Your task: Every line from the beginning of the records below up to the one holding "田园温馨风格儿童房卧室壁纸图案装饰设计效果图" should be quoted exactly; leave out the rest.

Exercise data:
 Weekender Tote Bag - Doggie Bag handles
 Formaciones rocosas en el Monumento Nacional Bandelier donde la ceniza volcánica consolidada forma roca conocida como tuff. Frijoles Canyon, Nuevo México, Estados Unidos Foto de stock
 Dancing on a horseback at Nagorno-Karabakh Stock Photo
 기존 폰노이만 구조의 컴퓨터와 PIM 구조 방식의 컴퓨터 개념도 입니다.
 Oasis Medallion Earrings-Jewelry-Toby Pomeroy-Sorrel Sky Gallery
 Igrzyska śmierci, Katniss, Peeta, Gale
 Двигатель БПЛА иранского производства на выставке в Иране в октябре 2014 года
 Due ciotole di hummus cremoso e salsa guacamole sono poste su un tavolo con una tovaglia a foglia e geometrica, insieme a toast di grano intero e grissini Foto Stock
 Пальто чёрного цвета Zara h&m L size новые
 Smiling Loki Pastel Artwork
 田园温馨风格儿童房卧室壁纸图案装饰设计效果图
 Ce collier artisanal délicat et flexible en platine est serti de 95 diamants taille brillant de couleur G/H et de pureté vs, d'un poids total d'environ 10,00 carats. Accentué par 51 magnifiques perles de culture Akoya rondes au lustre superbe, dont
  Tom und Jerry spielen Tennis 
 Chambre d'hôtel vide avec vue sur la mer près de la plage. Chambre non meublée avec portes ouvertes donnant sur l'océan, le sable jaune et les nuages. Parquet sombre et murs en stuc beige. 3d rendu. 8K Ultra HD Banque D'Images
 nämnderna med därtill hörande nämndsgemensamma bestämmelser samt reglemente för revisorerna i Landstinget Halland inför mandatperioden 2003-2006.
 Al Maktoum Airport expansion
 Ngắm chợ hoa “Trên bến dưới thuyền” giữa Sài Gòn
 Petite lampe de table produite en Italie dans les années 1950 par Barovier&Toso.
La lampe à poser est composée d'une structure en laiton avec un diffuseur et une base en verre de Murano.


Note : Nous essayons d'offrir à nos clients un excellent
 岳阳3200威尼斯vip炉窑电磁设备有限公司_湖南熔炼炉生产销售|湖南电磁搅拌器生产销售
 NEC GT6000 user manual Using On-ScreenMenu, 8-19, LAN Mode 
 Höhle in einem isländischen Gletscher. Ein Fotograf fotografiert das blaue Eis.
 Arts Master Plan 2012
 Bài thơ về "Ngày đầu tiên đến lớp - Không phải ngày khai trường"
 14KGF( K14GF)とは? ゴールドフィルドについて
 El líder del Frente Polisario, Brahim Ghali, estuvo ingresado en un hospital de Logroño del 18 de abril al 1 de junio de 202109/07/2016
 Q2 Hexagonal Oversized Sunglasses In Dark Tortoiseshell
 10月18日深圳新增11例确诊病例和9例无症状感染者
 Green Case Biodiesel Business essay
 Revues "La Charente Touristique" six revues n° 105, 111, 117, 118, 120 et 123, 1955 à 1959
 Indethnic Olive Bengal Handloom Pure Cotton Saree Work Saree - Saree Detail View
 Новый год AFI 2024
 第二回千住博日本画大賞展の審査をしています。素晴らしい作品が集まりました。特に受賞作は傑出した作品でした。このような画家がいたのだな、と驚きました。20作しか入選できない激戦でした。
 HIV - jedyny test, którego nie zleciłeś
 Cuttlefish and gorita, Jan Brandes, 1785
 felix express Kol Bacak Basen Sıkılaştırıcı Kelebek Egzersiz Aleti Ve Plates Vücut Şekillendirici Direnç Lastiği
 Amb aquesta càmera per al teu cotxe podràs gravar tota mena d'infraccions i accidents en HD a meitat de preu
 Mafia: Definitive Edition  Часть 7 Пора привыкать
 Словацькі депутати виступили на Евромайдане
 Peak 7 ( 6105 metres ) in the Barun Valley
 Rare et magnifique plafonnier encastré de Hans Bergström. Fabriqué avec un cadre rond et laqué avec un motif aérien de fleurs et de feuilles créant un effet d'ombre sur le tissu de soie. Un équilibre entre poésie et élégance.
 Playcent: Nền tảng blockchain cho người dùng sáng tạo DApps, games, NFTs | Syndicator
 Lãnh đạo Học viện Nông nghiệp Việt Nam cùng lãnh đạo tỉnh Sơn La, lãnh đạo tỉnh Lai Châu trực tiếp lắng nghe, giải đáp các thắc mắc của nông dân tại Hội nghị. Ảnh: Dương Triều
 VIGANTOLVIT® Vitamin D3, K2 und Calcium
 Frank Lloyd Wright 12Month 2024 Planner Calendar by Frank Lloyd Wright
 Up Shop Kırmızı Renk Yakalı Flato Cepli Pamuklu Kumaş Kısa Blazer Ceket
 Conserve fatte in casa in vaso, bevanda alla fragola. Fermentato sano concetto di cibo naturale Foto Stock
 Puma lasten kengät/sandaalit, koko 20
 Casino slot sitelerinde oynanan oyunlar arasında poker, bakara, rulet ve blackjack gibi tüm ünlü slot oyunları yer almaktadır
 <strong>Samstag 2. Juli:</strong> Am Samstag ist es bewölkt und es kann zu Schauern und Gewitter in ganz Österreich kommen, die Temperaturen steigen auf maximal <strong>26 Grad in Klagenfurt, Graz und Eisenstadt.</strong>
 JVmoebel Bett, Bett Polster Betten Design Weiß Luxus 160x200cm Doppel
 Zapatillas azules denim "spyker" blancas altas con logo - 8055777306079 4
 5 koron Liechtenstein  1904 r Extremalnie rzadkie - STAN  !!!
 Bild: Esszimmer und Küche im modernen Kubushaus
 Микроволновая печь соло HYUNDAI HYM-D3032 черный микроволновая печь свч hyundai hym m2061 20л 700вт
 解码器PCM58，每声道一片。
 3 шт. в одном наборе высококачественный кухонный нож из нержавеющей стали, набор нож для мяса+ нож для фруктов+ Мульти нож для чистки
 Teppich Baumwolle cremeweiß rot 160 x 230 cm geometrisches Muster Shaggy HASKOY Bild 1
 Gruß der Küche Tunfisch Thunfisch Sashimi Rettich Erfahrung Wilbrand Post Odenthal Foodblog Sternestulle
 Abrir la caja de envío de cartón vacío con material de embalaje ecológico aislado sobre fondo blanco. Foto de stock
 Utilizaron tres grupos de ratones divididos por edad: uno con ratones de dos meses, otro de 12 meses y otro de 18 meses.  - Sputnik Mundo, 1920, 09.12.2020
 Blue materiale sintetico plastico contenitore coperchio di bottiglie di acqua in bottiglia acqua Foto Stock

Exercise solution:
 Weekender Tote Bag - Doggie Bag handles
 Formaciones rocosas en el Monumento Nacional Bandelier donde la ceniza volcánica consolidada forma roca conocida como tuff. Frijoles Canyon, Nuevo México, Estados Unidos Foto de stock
 Dancing on a horseback at Nagorno-Karabakh Stock Photo
 기존 폰노이만 구조의 컴퓨터와 PIM 구조 방식의 컴퓨터 개념도 입니다.
 Oasis Medallion Earrings-Jewelry-Toby Pomeroy-Sorrel Sky Gallery
 Igrzyska śmierci, Katniss, Peeta, Gale
 Двигатель БПЛА иранского производства на выставке в Иране в октябре 2014 года
 Due ciotole di hummus cremoso e salsa guacamole sono poste su un tavolo con una tovaglia a foglia e geometrica, insieme a toast di grano intero e grissini Foto Stock
 Пальто чёрного цвета Zara h&m L size новые
 Smiling Loki Pastel Artwork
 田园温馨风格儿童房卧室壁纸图案装饰设计效果图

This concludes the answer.